> [COLLECTED MATERIAL]:
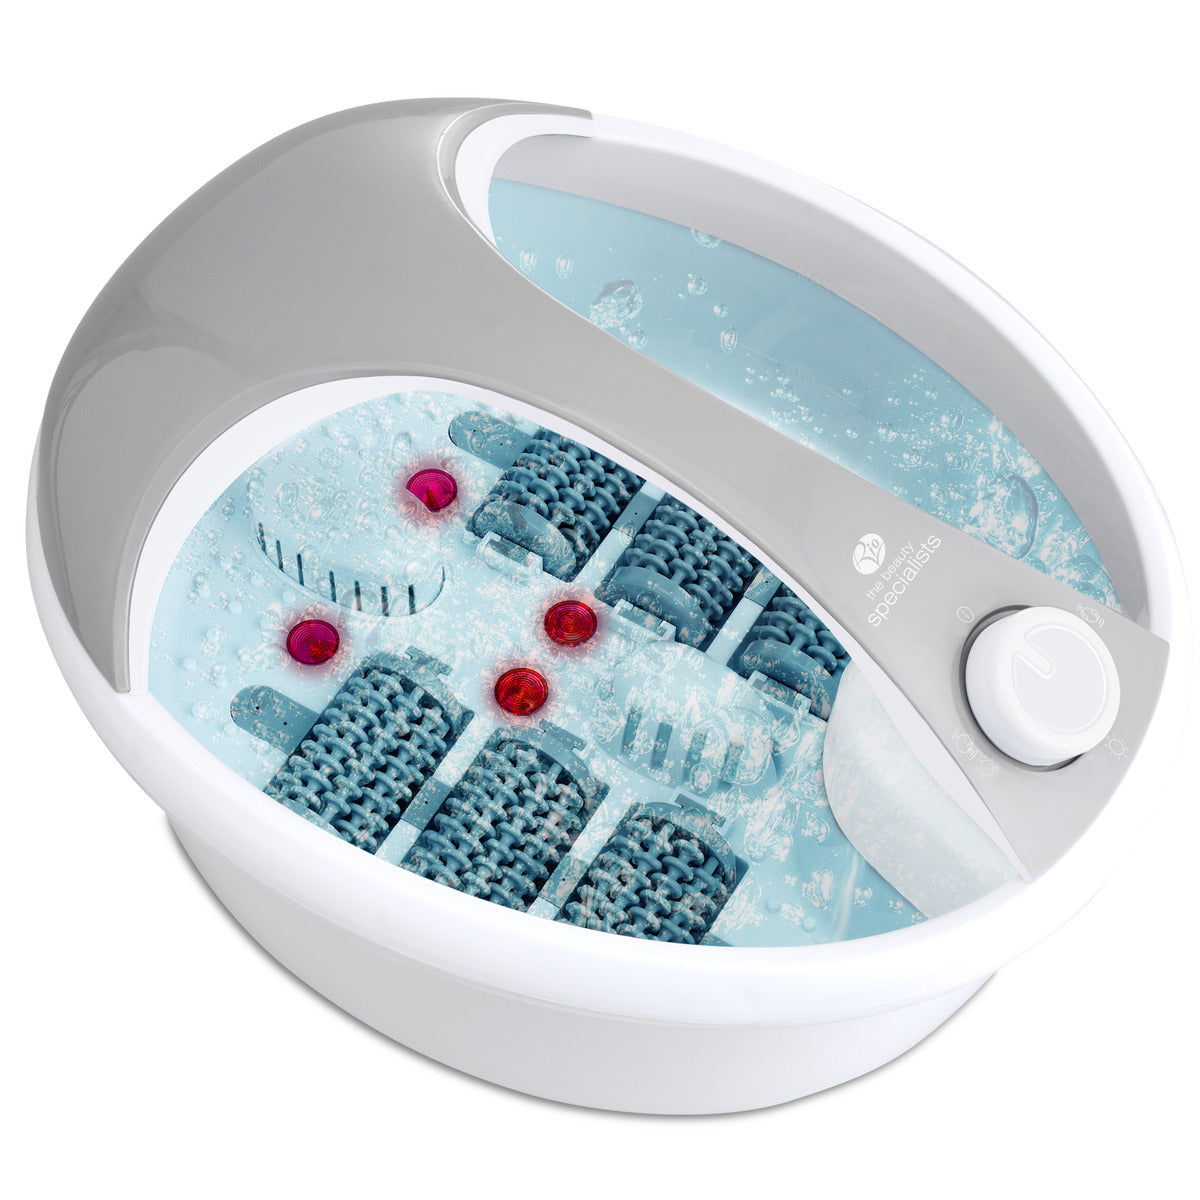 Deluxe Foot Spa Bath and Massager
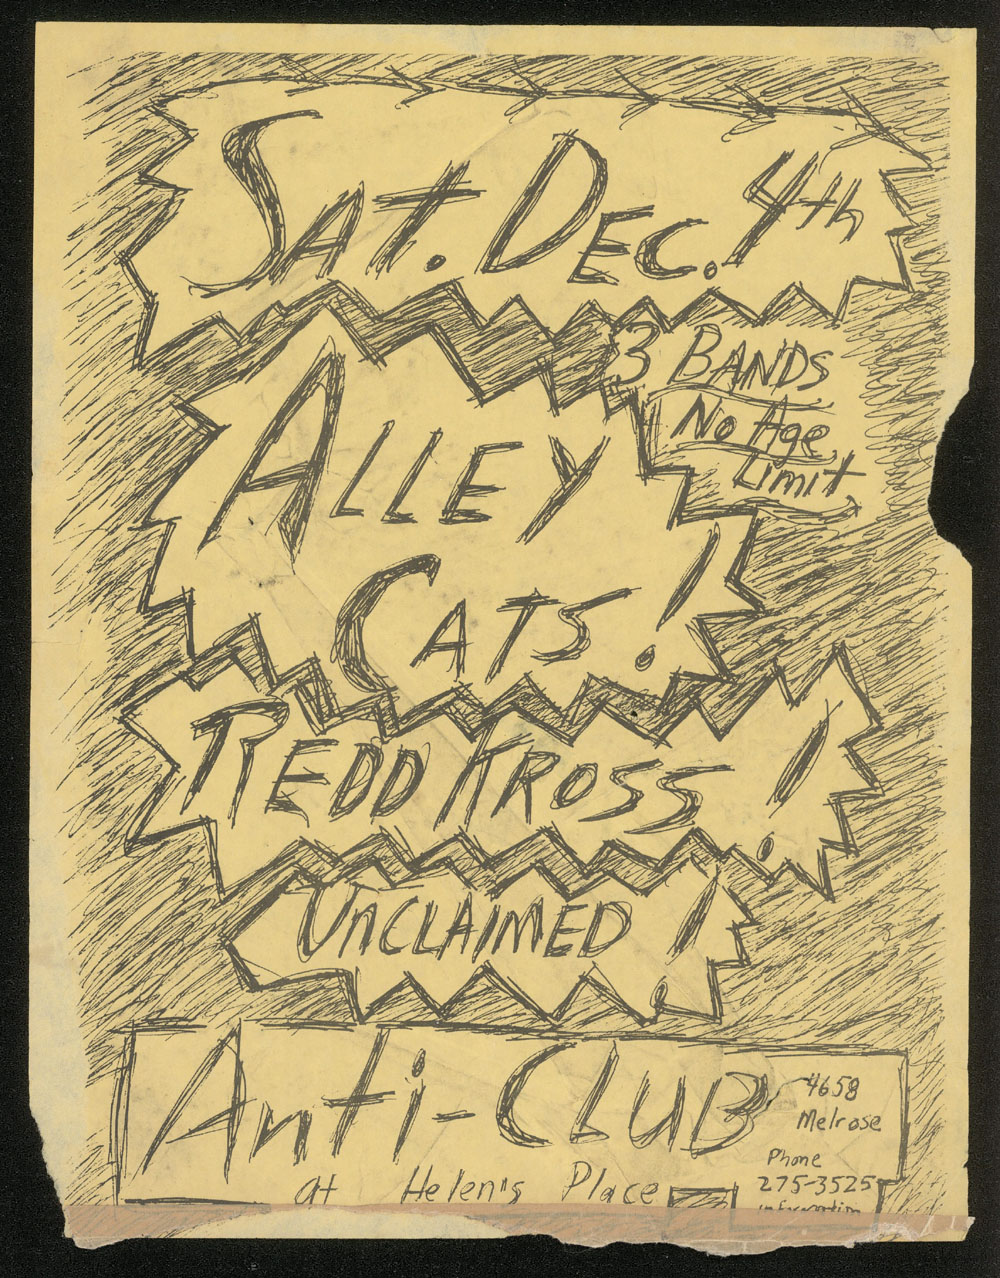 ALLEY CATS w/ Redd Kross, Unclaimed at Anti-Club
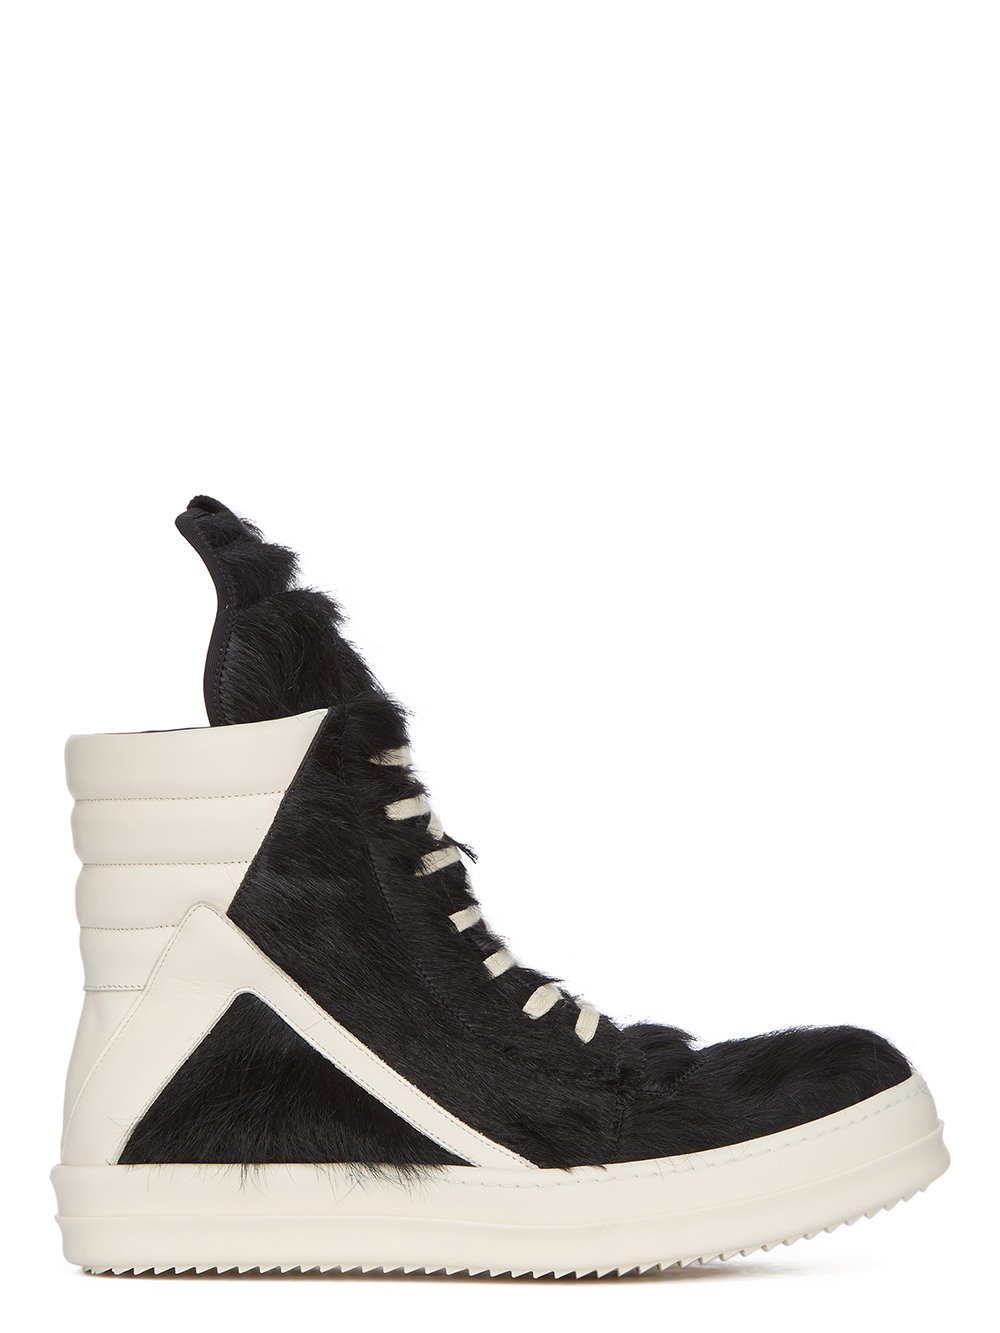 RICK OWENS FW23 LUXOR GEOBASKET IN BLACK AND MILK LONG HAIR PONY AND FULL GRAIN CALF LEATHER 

> [TASK STATEMENT]: The expected output is every line from the line where "ALLEY CATS w/" appears to the final line of the material, unchanged and with no pictures.

> [WRITTEN RESPONSE]:
 ALLEY CATS w/ Redd Kross, Unclaimed at Anti-Club
 RICK OWENS FW23 LUXOR GEOBASKET IN BLACK AND MILK LONG HAIR PONY AND FULL GRAIN CALF LEATHER 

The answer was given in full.